▶ [What is being asked] Reproduce the full listing below unchanged, apart from the pictures.

▶ [Input data]
========================================

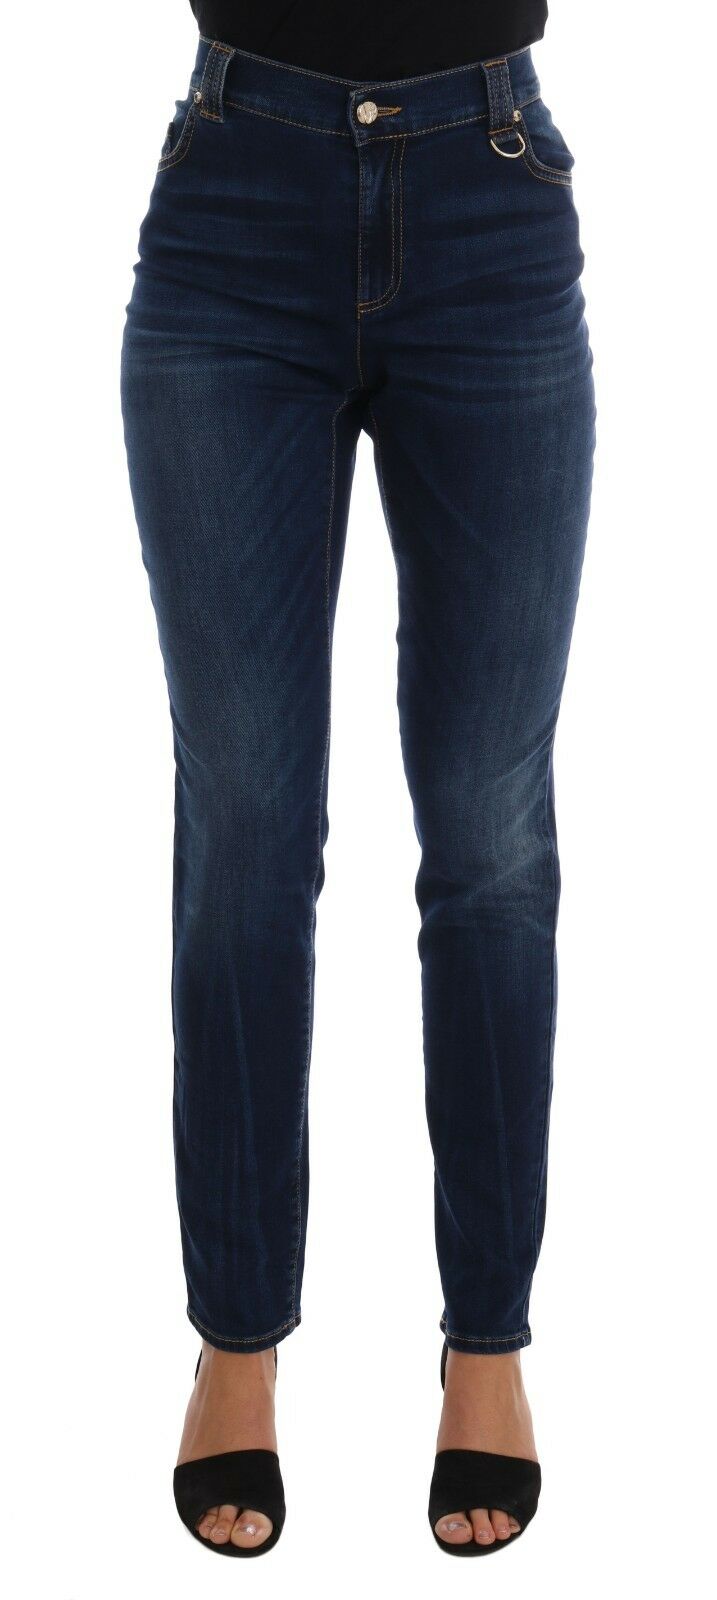 Versace Jeans Blue Wash Cotton Stretch Slim Denim Jeans Pant - Fizigo
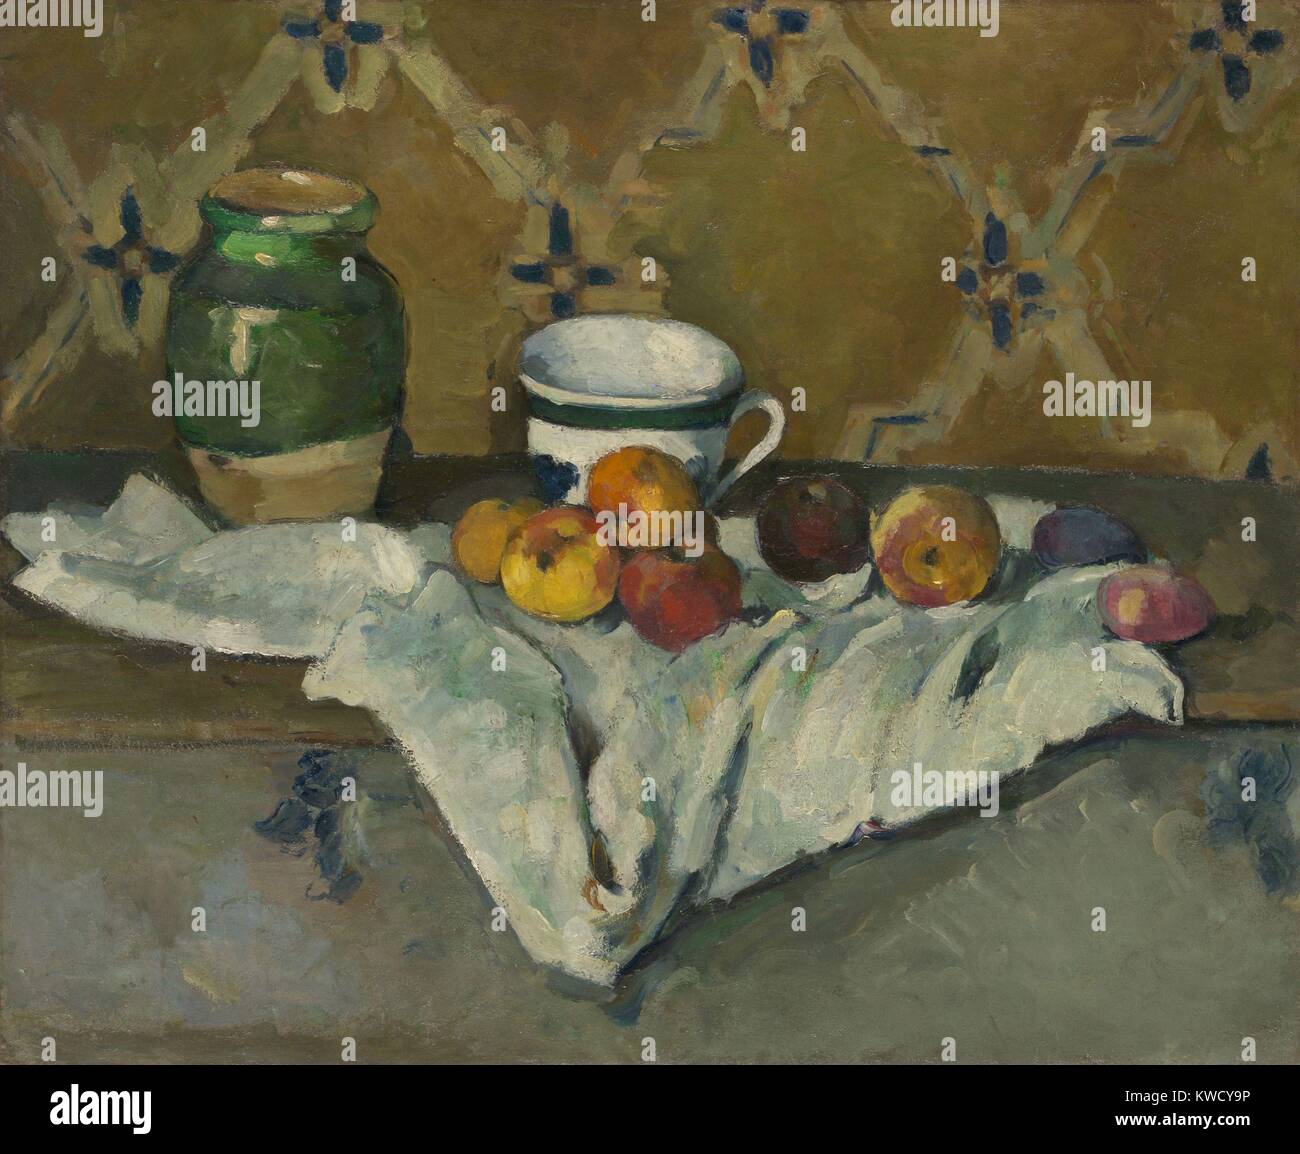 Ancora vita con i jar, coppa, e mele, di Paul Cezanne, 1877, francese Post-Impressionist pittura ad olio. Gli sfondi modello diagonale continua nelle pieghe del panno bianco (BSLOC 2017 5 21) Foto Stock
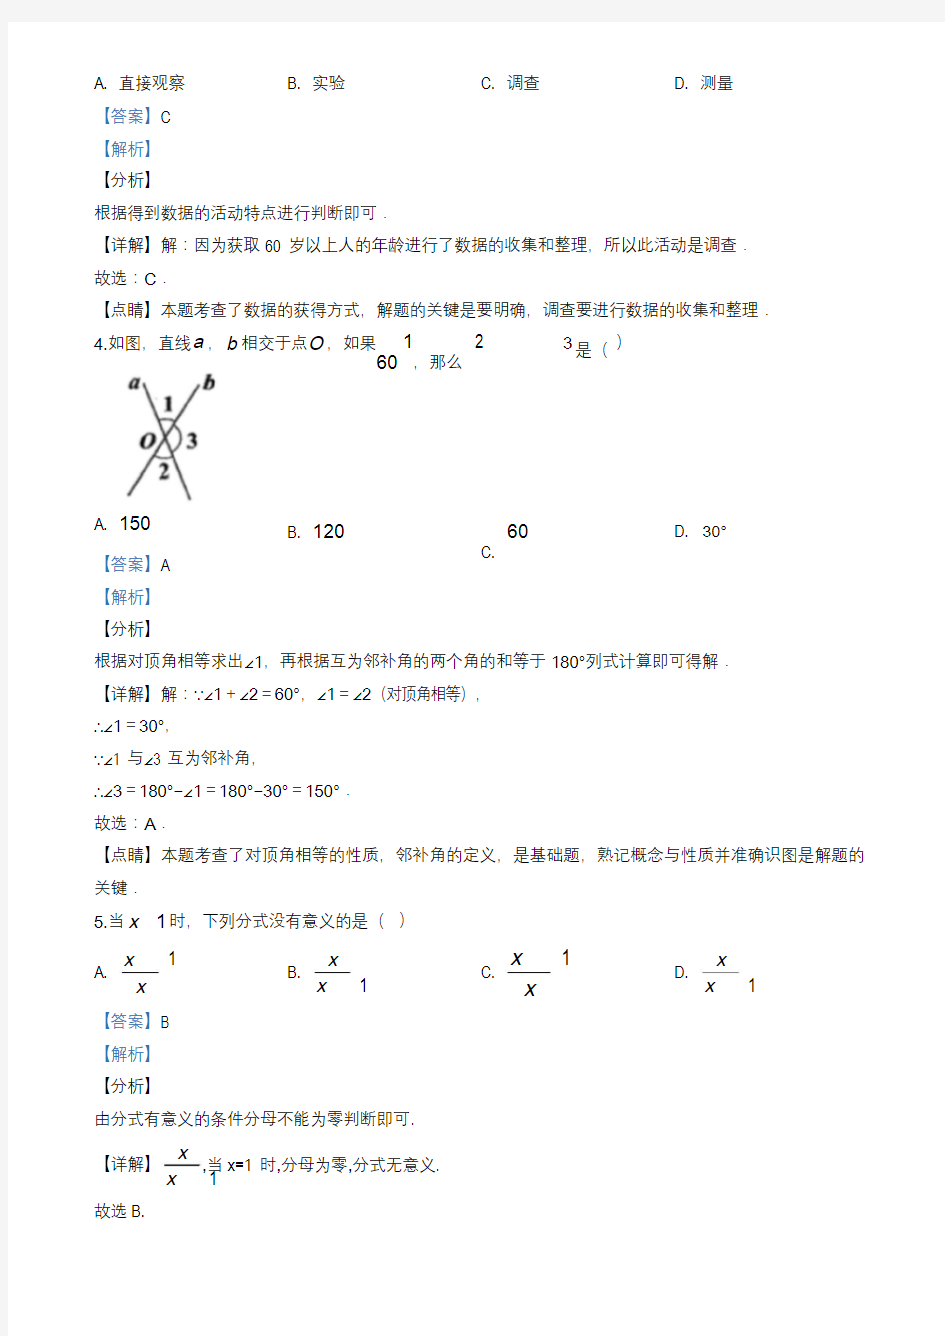 2020年贵州省安顺市数学试卷(教师版)

========================================

▶ [Solution below]
 Versace Jeans Blue Wash Cotton Stretch Slim Denim Jeans Pant - Fizigo
 Ancora vita con i jar, coppa, e mele, di Paul Cezanne, 1877, francese Post-Impressionist pittura ad olio. Gli sfondi modello diagonale continua nelle pieghe del panno bianco (BSLOC 2017 5 21) Foto Stock
 2020年贵州省安顺市数学试卷(教师版)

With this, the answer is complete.